++++ Given entries

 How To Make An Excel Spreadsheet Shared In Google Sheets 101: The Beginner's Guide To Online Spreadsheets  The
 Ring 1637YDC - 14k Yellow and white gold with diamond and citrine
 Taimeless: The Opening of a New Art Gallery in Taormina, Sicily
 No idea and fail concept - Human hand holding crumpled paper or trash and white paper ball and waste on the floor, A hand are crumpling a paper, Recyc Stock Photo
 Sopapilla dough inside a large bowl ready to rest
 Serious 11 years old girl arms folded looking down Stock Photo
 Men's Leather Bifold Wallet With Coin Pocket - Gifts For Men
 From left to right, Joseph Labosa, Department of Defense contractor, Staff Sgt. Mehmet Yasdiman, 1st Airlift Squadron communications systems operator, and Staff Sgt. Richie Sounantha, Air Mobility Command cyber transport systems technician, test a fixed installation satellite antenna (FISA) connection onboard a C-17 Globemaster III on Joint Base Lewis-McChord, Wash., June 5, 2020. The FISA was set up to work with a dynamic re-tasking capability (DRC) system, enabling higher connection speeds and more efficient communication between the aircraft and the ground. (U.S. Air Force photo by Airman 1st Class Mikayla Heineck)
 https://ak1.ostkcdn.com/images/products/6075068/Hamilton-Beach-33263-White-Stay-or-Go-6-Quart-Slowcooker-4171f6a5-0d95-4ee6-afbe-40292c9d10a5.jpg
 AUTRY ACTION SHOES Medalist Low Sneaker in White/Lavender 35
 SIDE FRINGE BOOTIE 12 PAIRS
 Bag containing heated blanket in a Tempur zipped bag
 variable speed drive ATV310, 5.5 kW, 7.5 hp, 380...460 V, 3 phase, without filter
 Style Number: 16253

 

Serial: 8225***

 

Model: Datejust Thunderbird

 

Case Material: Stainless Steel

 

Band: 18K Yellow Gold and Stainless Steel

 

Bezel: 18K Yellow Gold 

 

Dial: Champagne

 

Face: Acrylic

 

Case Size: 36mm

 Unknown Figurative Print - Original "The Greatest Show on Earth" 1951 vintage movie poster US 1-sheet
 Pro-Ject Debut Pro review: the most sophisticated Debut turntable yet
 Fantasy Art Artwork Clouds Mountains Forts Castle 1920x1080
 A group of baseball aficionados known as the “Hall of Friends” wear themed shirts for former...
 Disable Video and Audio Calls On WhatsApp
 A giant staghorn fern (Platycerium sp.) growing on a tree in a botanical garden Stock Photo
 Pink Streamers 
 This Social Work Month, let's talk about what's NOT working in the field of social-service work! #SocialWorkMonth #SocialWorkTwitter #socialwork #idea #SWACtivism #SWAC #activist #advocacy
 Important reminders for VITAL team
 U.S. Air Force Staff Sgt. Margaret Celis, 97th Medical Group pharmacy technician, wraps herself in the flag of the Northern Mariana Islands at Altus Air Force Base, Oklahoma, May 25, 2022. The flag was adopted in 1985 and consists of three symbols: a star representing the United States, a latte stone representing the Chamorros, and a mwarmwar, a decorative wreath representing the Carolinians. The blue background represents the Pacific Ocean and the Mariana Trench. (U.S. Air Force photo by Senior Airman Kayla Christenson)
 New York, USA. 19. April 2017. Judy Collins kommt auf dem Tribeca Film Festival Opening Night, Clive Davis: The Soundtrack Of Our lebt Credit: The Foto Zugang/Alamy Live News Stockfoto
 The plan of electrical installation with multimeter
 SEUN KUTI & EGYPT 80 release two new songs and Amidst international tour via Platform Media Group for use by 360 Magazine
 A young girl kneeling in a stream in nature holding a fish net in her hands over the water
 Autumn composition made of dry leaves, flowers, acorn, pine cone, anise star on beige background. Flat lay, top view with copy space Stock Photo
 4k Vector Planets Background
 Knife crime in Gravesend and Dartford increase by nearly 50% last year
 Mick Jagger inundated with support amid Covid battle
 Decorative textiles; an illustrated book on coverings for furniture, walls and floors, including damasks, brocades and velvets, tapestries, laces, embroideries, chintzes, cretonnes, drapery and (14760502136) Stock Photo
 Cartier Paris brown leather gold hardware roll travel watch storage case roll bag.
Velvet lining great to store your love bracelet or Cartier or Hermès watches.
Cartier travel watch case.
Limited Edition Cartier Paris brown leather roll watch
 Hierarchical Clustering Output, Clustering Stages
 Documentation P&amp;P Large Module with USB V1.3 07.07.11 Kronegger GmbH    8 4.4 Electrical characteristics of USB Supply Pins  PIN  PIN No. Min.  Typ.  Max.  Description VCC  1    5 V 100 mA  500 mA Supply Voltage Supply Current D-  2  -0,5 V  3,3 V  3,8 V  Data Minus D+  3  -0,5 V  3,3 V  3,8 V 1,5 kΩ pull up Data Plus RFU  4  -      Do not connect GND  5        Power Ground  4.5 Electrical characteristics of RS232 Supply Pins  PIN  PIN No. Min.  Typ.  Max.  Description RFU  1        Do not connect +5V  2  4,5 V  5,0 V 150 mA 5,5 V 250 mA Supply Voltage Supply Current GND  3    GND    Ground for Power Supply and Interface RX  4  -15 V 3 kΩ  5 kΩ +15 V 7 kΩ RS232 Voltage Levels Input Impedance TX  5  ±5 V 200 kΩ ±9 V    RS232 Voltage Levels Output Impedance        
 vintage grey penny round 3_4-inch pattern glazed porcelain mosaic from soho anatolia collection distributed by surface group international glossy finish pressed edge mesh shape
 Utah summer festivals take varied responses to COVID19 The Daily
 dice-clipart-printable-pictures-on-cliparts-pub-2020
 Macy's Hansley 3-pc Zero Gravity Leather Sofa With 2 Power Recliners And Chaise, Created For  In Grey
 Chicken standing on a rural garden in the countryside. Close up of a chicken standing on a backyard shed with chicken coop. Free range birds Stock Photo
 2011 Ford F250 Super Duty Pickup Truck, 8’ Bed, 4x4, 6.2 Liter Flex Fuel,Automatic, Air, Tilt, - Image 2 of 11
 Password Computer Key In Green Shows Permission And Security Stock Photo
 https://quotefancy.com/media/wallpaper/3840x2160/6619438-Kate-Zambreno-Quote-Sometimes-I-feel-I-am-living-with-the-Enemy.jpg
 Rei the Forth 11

++++++++

Task to carry out: An exact copy of the lines above between the line holding "The plan of" and the line holding "Hierarchical Clustering Output, Clustering", inclusive, is the whole answer.

Response:
 The plan of electrical installation with multimeter
 SEUN KUTI & EGYPT 80 release two new songs and Amidst international tour via Platform Media Group for use by 360 Magazine
 A young girl kneeling in a stream in nature holding a fish net in her hands over the water
 Autumn composition made of dry leaves, flowers, acorn, pine cone, anise star on beige background. Flat lay, top view with copy space Stock Photo
 4k Vector Planets Background
 Knife crime in Gravesend and Dartford increase by nearly 50% last year
 Mick Jagger inundated with support amid Covid battle
 Decorative textiles; an illustrated book on coverings for furniture, walls and floors, including damasks, brocades and velvets, tapestries, laces, embroideries, chintzes, cretonnes, drapery and (14760502136) Stock Photo
 Cartier Paris brown leather gold hardware roll travel watch storage case roll bag.
Velvet lining great to store your love bracelet or Cartier or Hermès watches.
Cartier travel watch case.
Limited Edition Cartier Paris brown leather roll watch
 Hierarchical Clustering Output, Clustering Stages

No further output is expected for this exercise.